The death of MXRBL

jar · November 2024

Hey friends,

A long time ago I pushed my RBL here as a good source for you to use on your mail servers: https://mxrbl.com. Today I'm here to announce that if you are using it, you should stop. It will continue to accept queries for a while, I will reach out to people that I know are using it. In my Black Friday offer post I'm going to explain a bit more about what we're doing at MXroute to stop spam and why I believe the latest approaches are vastly superior to any usage of a traditional RBL.

hsr · November 2024

Any rough idea when queries will no longer be accepted?

zed · November 2024

but recurring means forever

jar · November 2024

@hsr said:
Any rough idea when queries will no longer be accepted?

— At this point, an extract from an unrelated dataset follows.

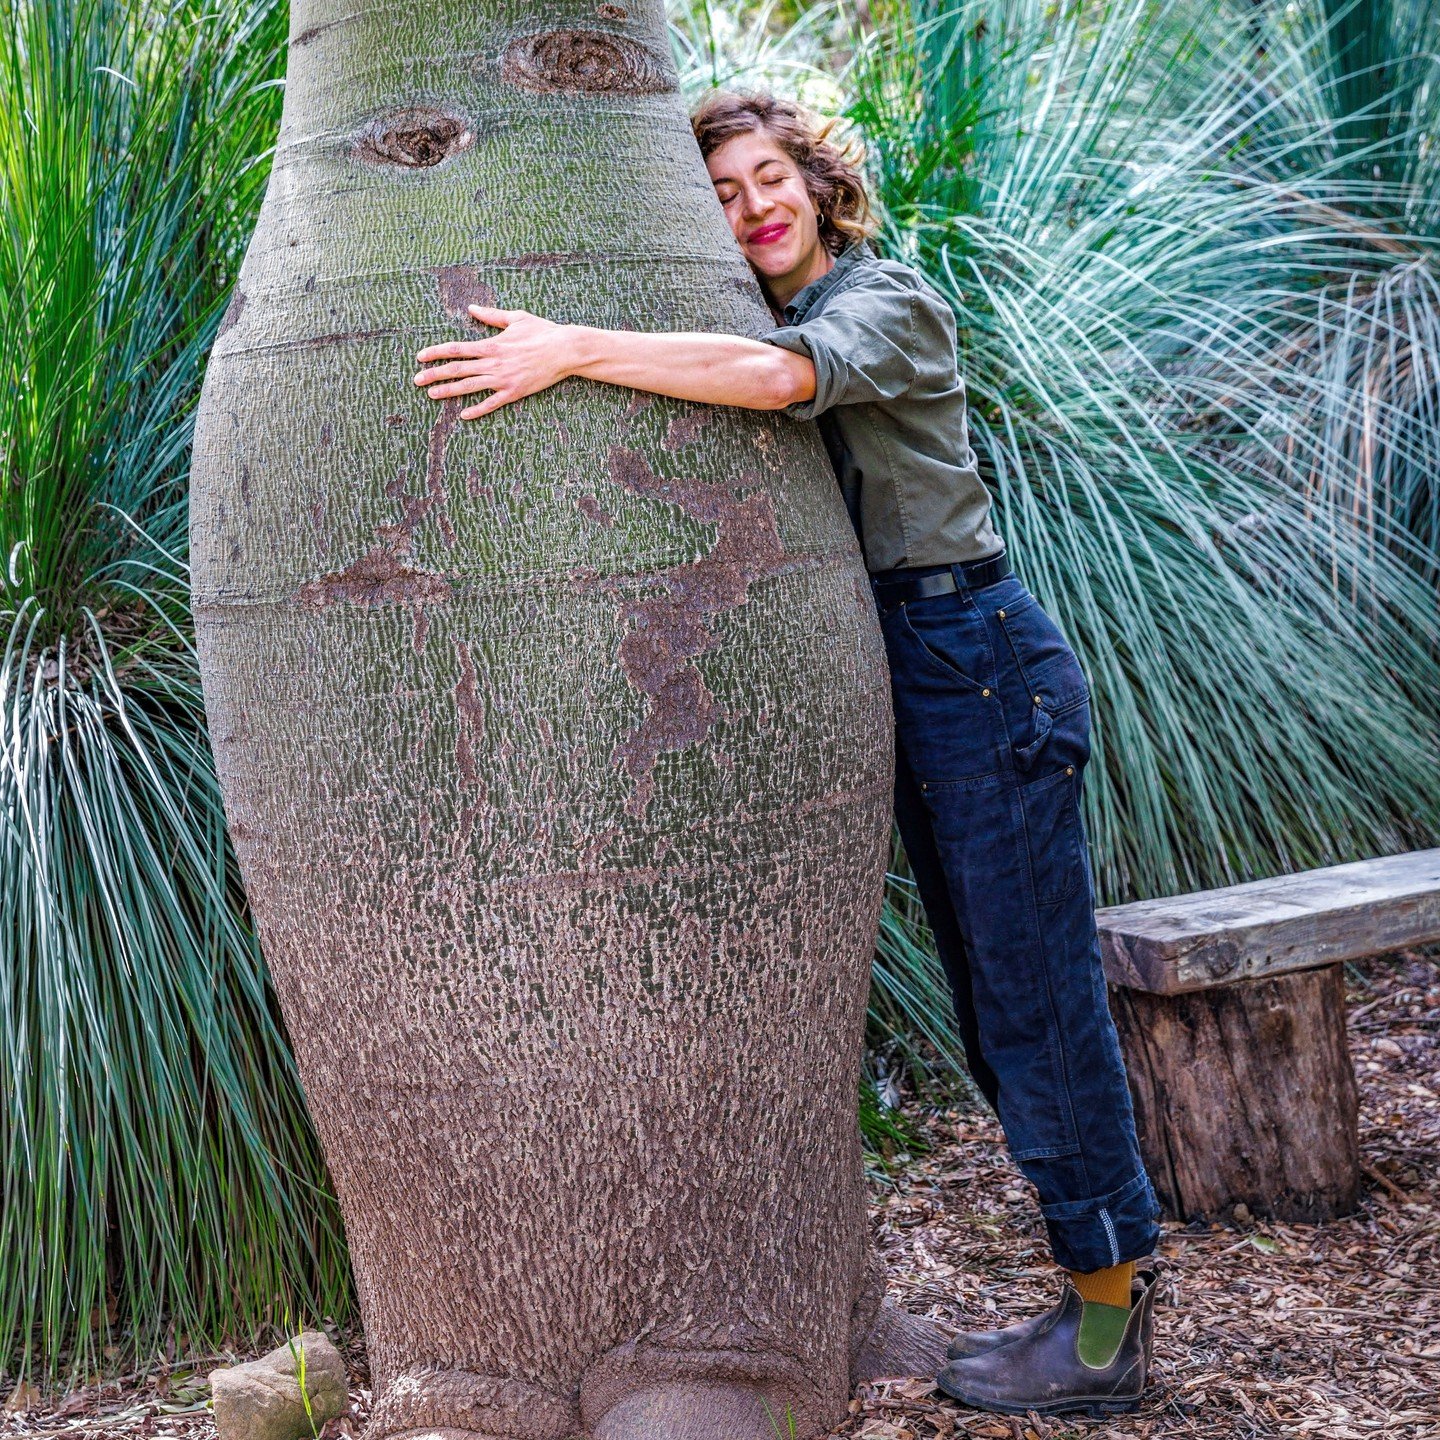 In honor of Earth Day, we thought you might like to know that Taft Gardens &amp; Nature Preserve has the most huggable trees!

According to the Scottish Wildlife Trust, &quot;Research shows that spending time around trees can reduce stress, improve i

Most likely I'll empty the zone, point the three NS to 1 cloud server, and return empty queries for a decade or more.

quicksilver03 · November 2024

I've recently implemented my own RBL, and while it seems to work well enough for me I'm looking forward to learn more about your new approach.

eezcloud · November 2024

@jar said: In my Black Friday offer post I'm going to explain a bit more about what we're doing at MXroute to stop spam

That will be interesting to read. AI based content analysis, hopefully?

jar · November 2024

@eezcloud said:

@jar said: In my Black Friday offer post I'm going to explain a bit more about what we're doing at MXroute to stop spam

That will be interesting to read. AI based content analysis, hopefully?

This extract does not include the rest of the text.